Atlanta’s First Woman of the Year


World War II brought many changes to the house at 320 West Paces Ferry, most noticeably in the lack of the staff; particularly the men, who likely opted for higher paying factory jobs. Atlanta, like the rest of the country, was thrown into supporting the war effort. May immediately heeded the call for help by joining the Red Cross as Director of Blood Donor Center on Peachtree Street. It was here her organizational talents truly shined. She approached the 600 % increase in demand for dry plasma like an enlisted officer, approaching businesses with a quasi-corporate sponsorship equivalent to mass donations of blood.

So efficiently run under May’s direction, the center was awarded the highest honor of the Army-Navy “E” Award for two consecutive years. Her efforts had resulted in 90,442 registered donors, 30,346 through the Mobile unit, and a total contribution of over 150,000 pints of blood. Throughout the years, she saved her typed and annotated acceptance speech, poignantly expressing her belief in Allied victory and a soldier’s return to a life swept off course by war.

That same year, a committee of fourteen women was established under the direction of Charles H. Jagel of Davison’s Department Store to select seven women of Atlanta who had made outstanding contributions to their community. May was selected as both the Woman of the Year in War Effort and Atlanta’s Woman of the Year. The January 22, 1944 Atlanta Constitution article, accompanied by a photograph of May wearing a simple short-sleeved dress with a wide lace collar and accessorized with modest pearl and diamond earrings accepting the urn from Georgia’s First Lady, boasted “City’s Woman of the Year Is Mrs. Francis L. Abreu.” The article describes May characterizing herself as “a hum-drum woman with a one-track mind.” Attended by hundreds of prominent Atlantans, the dinner at the Biltmore Hotel must have been a milestone in May’s life; a girl who grew up in the rough and tumble, blue-collar Castleberry Hill district at the turn of the century and likely never finished high school.

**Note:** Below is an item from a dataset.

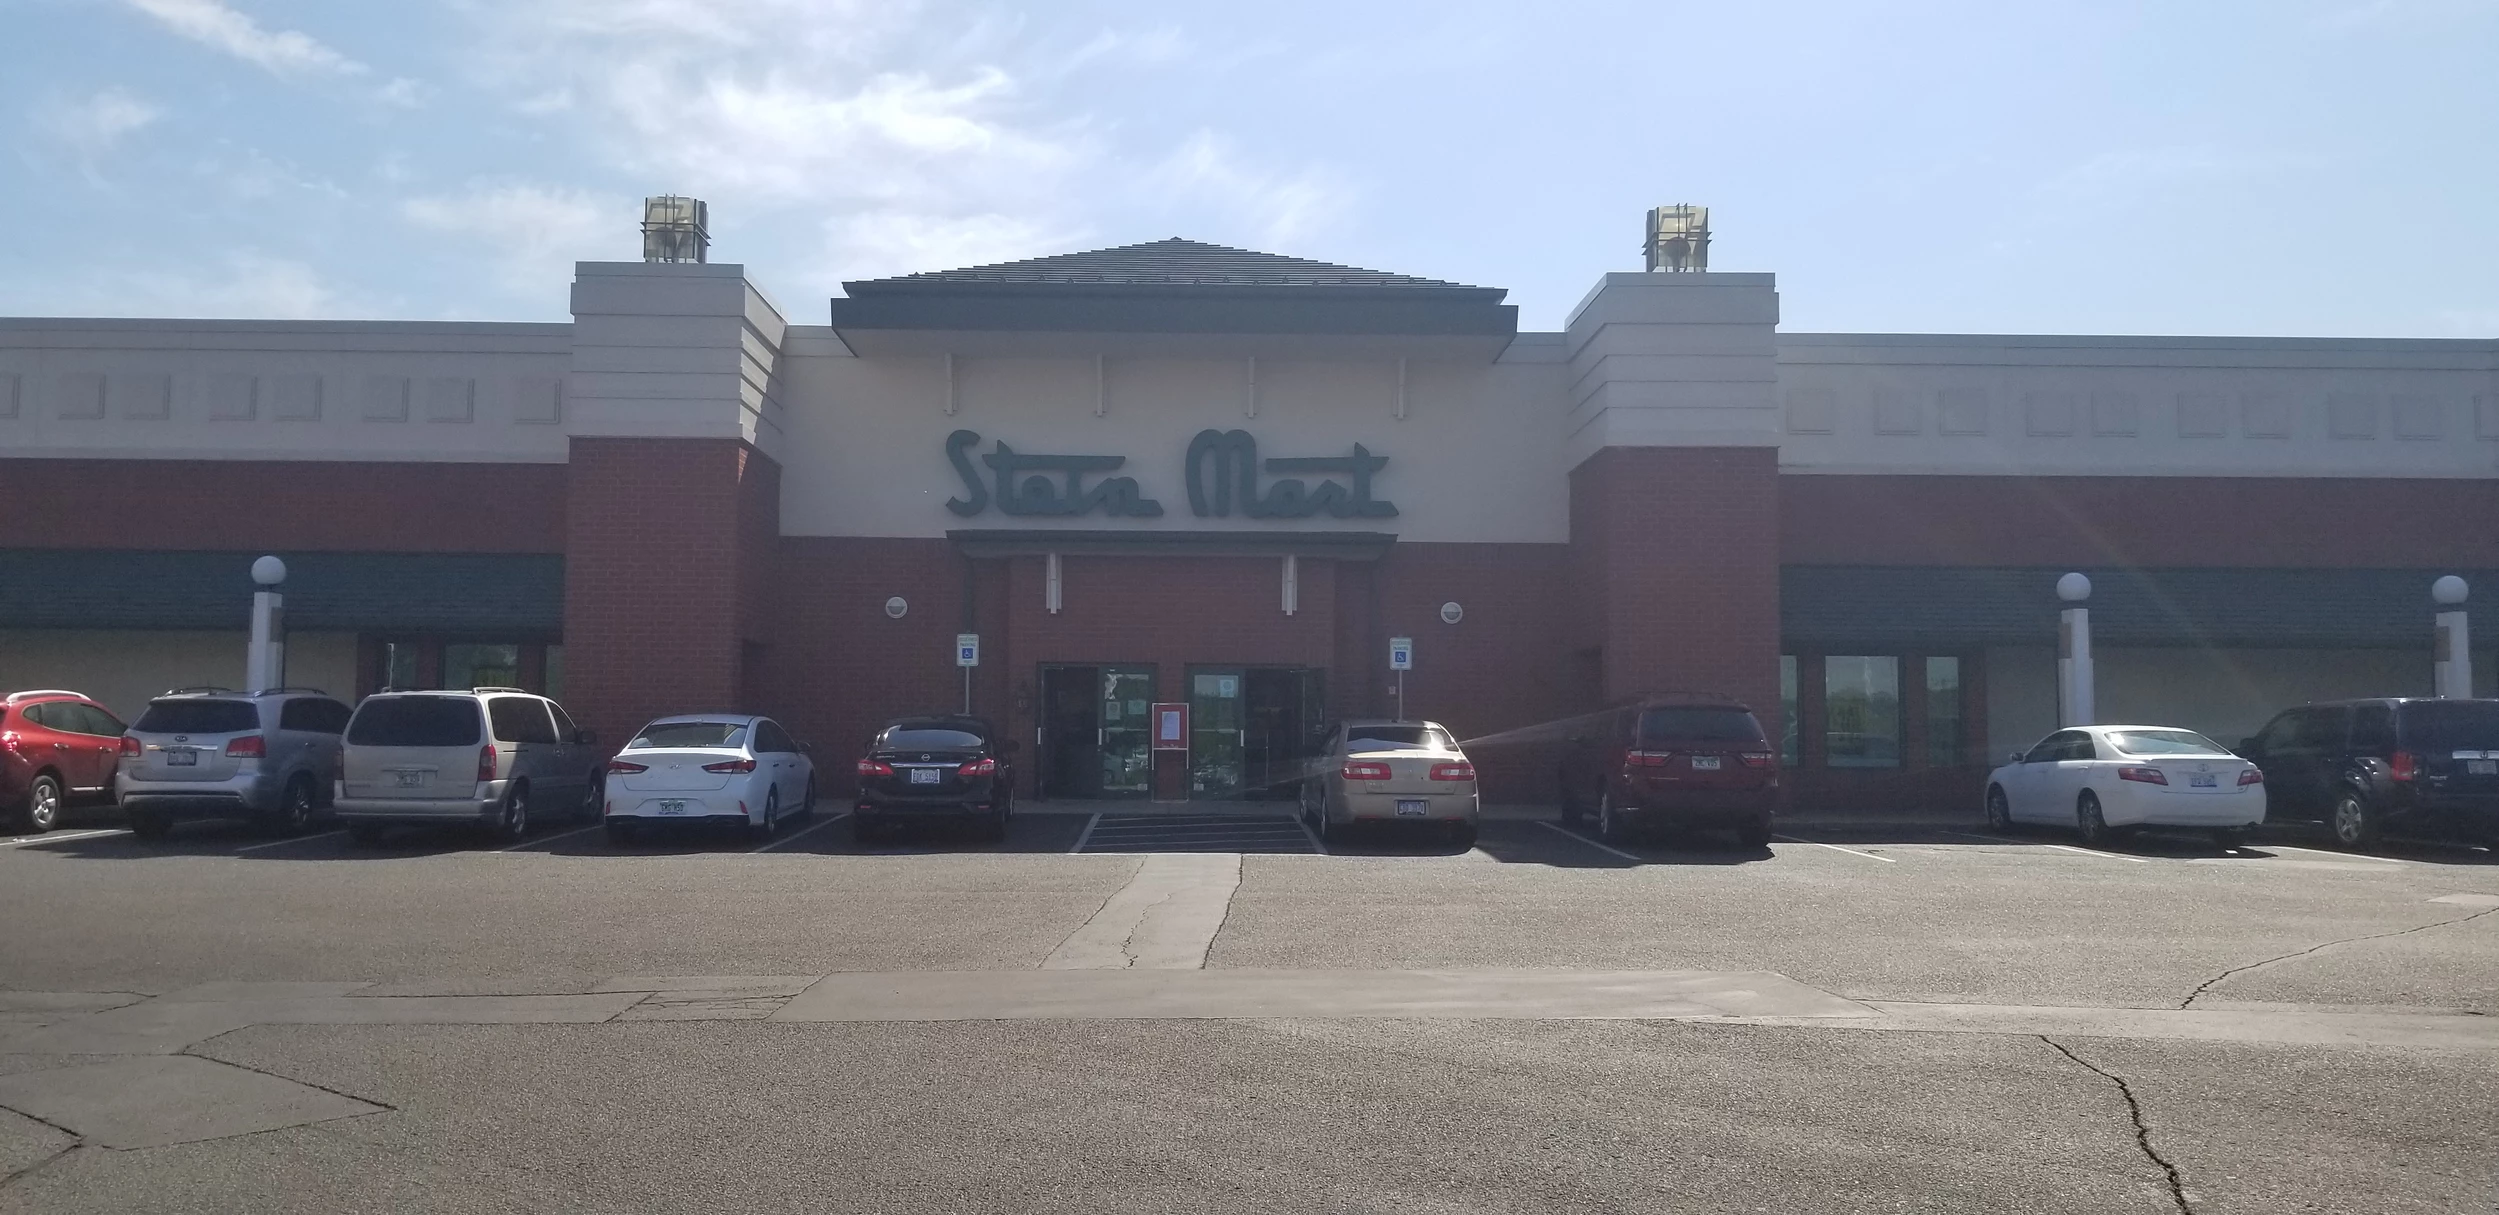 Stein Mart Opens Two New Michigan Stores - Blog - Locations Commercial Real  Estate Services
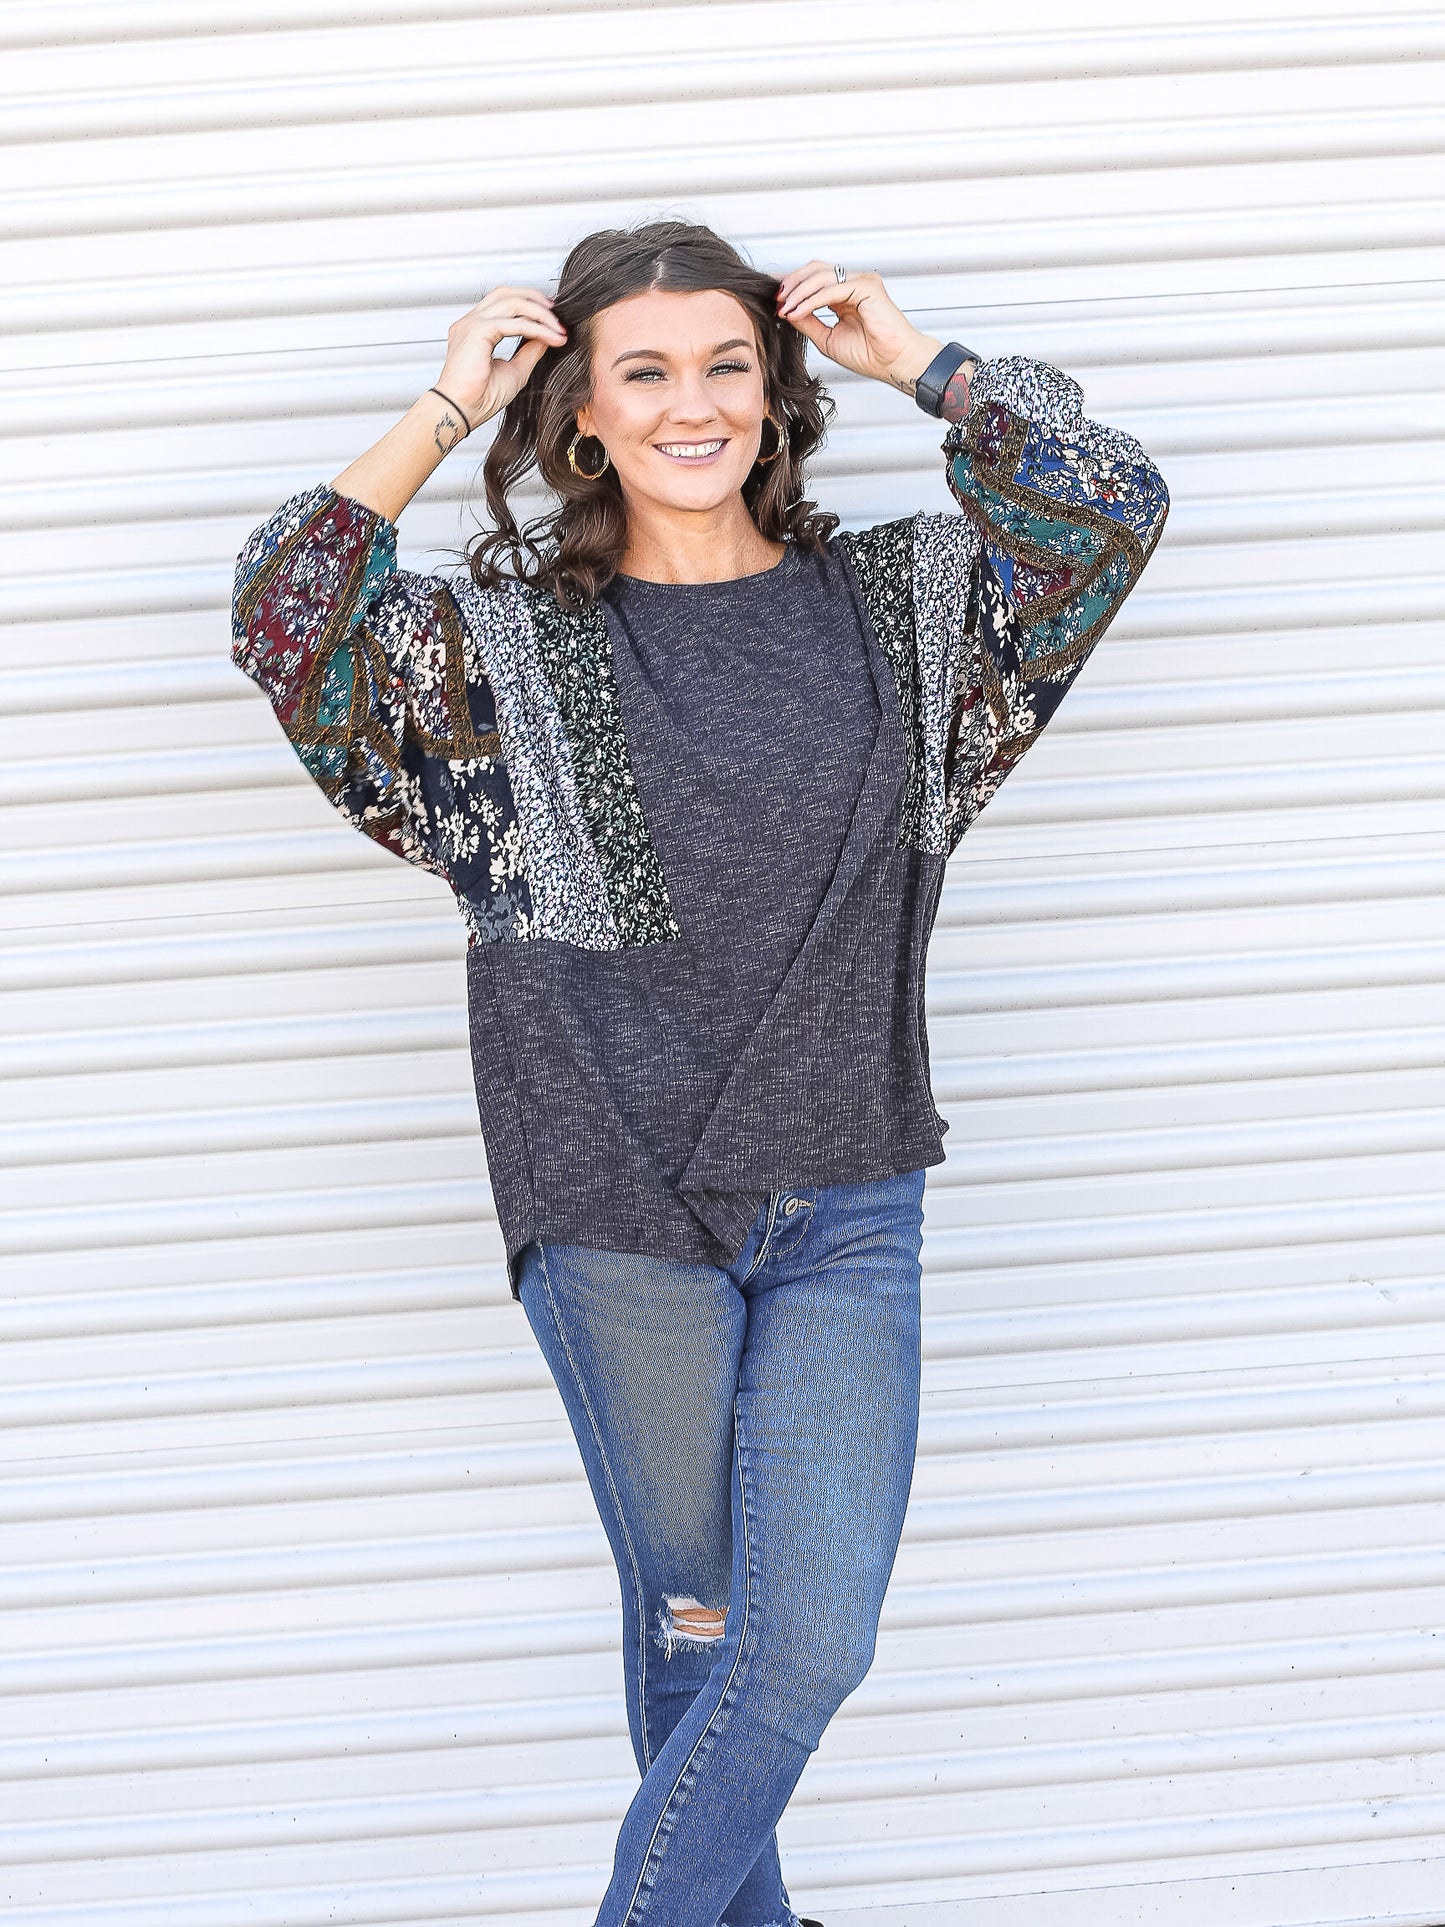 Tiffany in the beautiful floral sleeved dolman

But perhaps it was that very hand of cards she’d been dealt early in life which made her uniquely qualified for the task at hand during World War II. Oral histories tell the story of a woman who was deeply altruistic and identified with less-fortunate souls throughout her lifetime. Nine mutts from the local humane society had the run of her five-acre property and mansion. She generously sent two children of her staff to college, and purchased a home, car, and gifted Coca-Cola stock for the retirement of two beloved staff members who cared for her until her death in 1976. It seems May was a woman who heeded the call to action throughout her lifetime.